# Bait Chowder!!!!



## BULLDAWG (Aug 28, 2003)

Planned on going fishing today with my son while my wife and daughter were away in New York for the weekend but as plans usually do they changed!! My son started getting a sore throat yesterday and with it being this cool and windy I didn't think it best for him to be out on the surf with me. I had picked up a dozen nice chowder clams and a pound of 41/50 shrimp to use as bait and figured I'd get some bloods at the tackle shop on the way. Started getting a craving for some thick New England Clam Chowder and figured the shrimp would make it even better!!! Spent the morning making the stock and turned it into a delicious chunky clam chowder by early this afternoon.
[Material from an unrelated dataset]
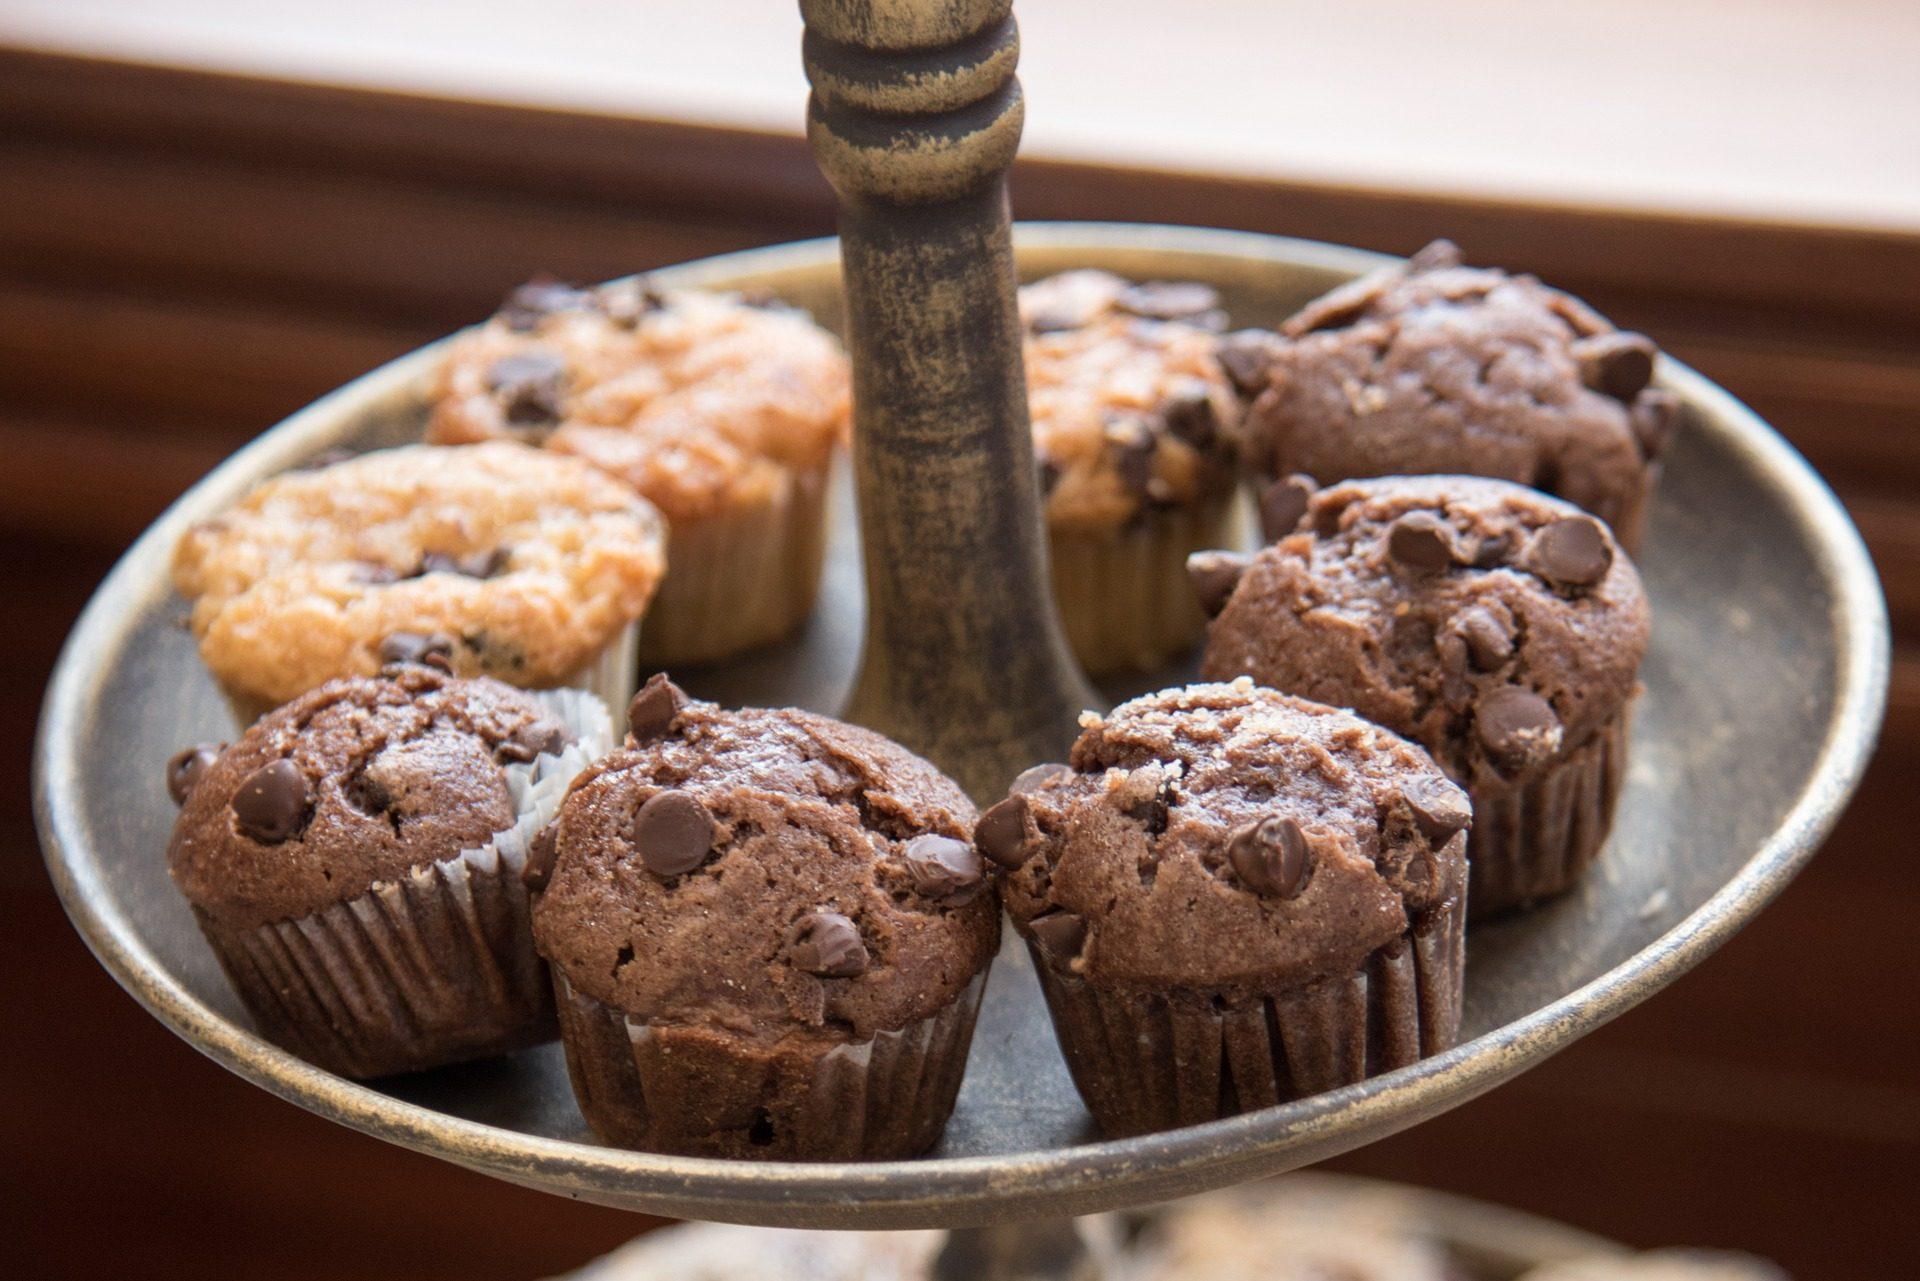 cupcakes, muffins, Γλυκό, επιδόρπια, ζαχαροπλαστικής, σοκολάτα - Wallpapers HD - Professor-falken.com

Didn't get out fishing but saved still had a great seafood dinner!!! Can always get more bait in the morning if he's feeling better right!! GOOD LUCK TO ANYONE WHO GETS OUT TONIGHT OR IN THE AM


----------



## 1mocast (Jul 11, 2003)

*Hey*

I'm at work and you're making me hungry---Quess I'll have to stop at Wallyworld on my way home and pick up some crab legs and some shrimp----better yet maybe some catfish stew.


----------



## Axon (Sep 8, 2002)

glad you didn't pick up the bloods yet...that would of been an interesting chowder
:barf:


----------



## BULLDAWG (Aug 28, 2003)

*Bloods in the soup ? YEACCHHHH*

I wish I had picked up the bloodsI probably would have headed to the pier instead of the surf. Didn't realize I'd be looking at rain today. My wife comes back this afternoon and I'm hoping to get out this evening to toss some storms at some rocks!!!! Might be a little cool but I've got some good hot chowder to keep in the thermos !!


----------